TK/ C’est comme vous les professionnels des médias, vous nous approchez. Il est vrai que tout le monde peut faire de commentaire aujourd’hui. Nous n’avons pas besoin de sortir sur les toits des maisons pour dire que nous faisons la maintenance. La maintenance est programmée et suivie par des structures à différents niveaux. Moi, je chapeaute le département de transport qui comprend deux grandes directions ( La Direction du réseau transport Sud qui couvre le grand katanga et la Direction du réseau transport Ouest qui coordonne les activités à Kinshasa, Kongo-Central). Nous avons également des divisions du Nord et de l’Est. Et ces directions sont composées des divisions. Prenons par exemple la Direction du réseau de transport Ouest, elle a 4 divisions dont la division du bas-fleuve qui chapeaute toutes les installations au niveau d’Inga dans le Kongo-Central. La deuxième division s’occupe de toutes les lignes des postes qui se trouvent dans la zone de cataracte dans le Kongo-Central. Et il y a une division qui assure la conversion à partir d’Inga jusqu’à Kolwezie. Un autre division qui prend en charge toutes les installations haute tension se trouvant à Kinshasa et Bandundu. Ces divisions s’organisent en termes des programmes annuels de maintenance ou biannuels suivant l’âge des équipements. Ce sont elles qui nous envoient leur programme de travail pour la maintenance des équipements. C’est comme maintenant elles sont un programme pour octobre et novembre 2022. Nous allons valider. Il y a un budget qui a été alloué à ces activités. Et chaque division s’organise à assurer la maintenance des équipements qui sont sa charge. L’idée est qu’à la fin de l’année toutes les entités décentralisées assurent la maintenance et nous envoient les rapport que nous allons analyser pour procéder à la maintenance collective. Voilà comment est organisé le service de maintenance. Donc, il y a une série des divisions et directions suivent ça régulièrement.

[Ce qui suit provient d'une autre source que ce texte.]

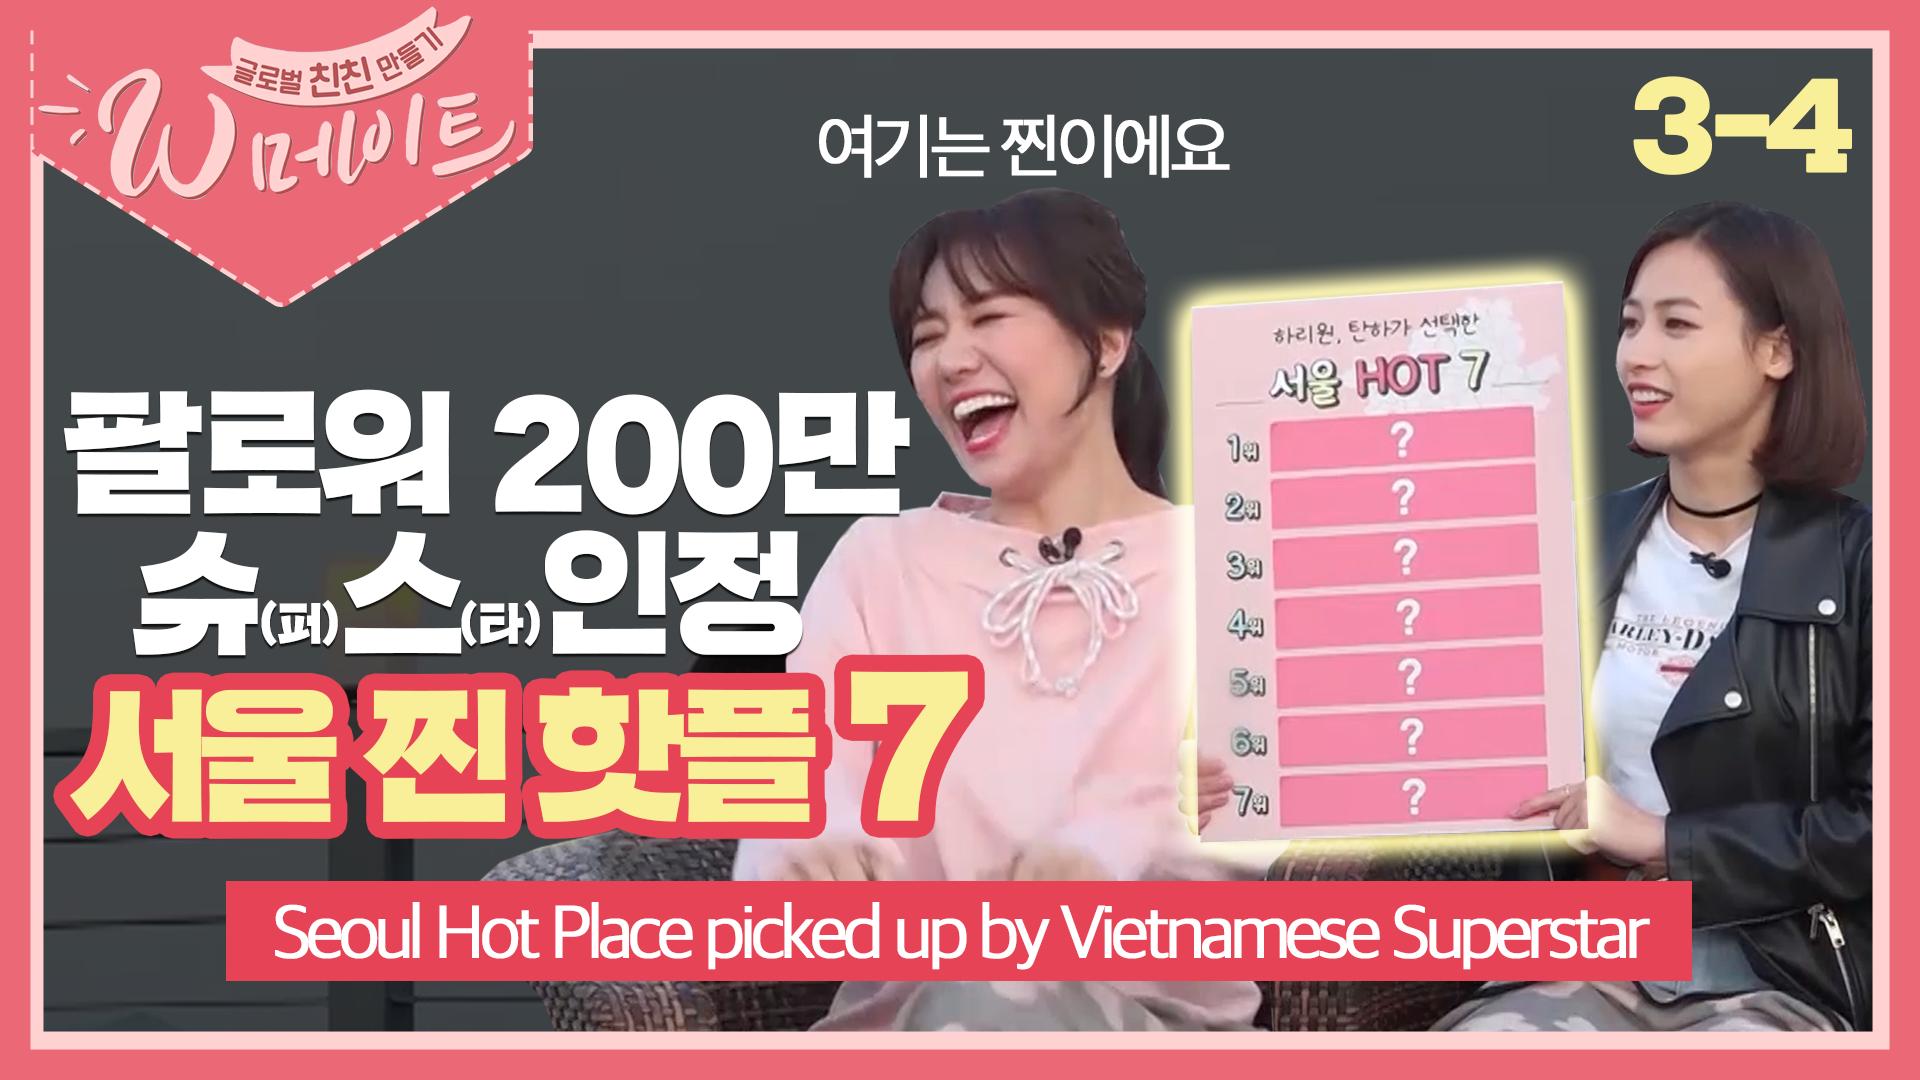 [W메이트 14화]팔로워 200만 슈퍼스타인정! 서울 찐 핫플 7

DM/ Y a-t-il d’autres endroits à risques qu’il faudra sécuriser ?

TK/ Quand nous en appelons aujourd’hui à l’application et l’observance stricte de la loi, nous faisons allusion non seulement sur Kinshasa mais aussi sur les provinces où nous faisons face au problème des moyens. Et où on construit à des endroits que la loi interdit le lotissement. Et où on fait de activités à des endroits où c’est interdit par la loi. Quand vous regardez nos pylônes, vous verrez que nous avons mis des panneaux de signalétiques qui indiquent sur l’utilisation des conducteurs qui ne doivent être gérés que par ceux qui sont formés et ont la compétence.

DM/ Que dit la loi lorsqu’il faut des maisons dans des zones où passent les câbles de la SNEL ?

TK/ La loi définit des limites 2 fois 25 m dans l’axe de la ligne électrique où il ne doit y avoir des habitations ni des activités. Dans la loi 014 qui régit le secteur de électricité, cette disposition est rappelée encore. Si nous respectons aujourd’hui tous la loi, nous n’aurons plus à vivre ce type d’incident. Nous devons arriver à un niveau de civisme qui nous invite à prendr conscience de notre situation même lorsqu’il n’y a pas contrainte. Quand vous allez à Bandalungwa, à Kinsuka, Maluku ou au Katanga, vous verrez qu’il y a des endroits qui sont envahis par des habitations alors que nous faisons des spots et des communiqués pour prévenir ce danger. Et la SNEL n’a pas la puissance d’imposer une disposition de la loi. Nous en appelons aujourd’hui aux autorités à nous aider à cette tâche. Nous déplorons cet incident malheureux.

DM/ Quel est votre dernier mot ?

TK/ J’ai un mot de compassion à l’endroit de ceux qui ont perdu des êtres chers. Nous sommes de cœur avec eux. Nous remercions toutes les autorités du pays qui suivent de près cette situation. Et nous nous alignons derrière le gouvernement pour faire face à ce problème.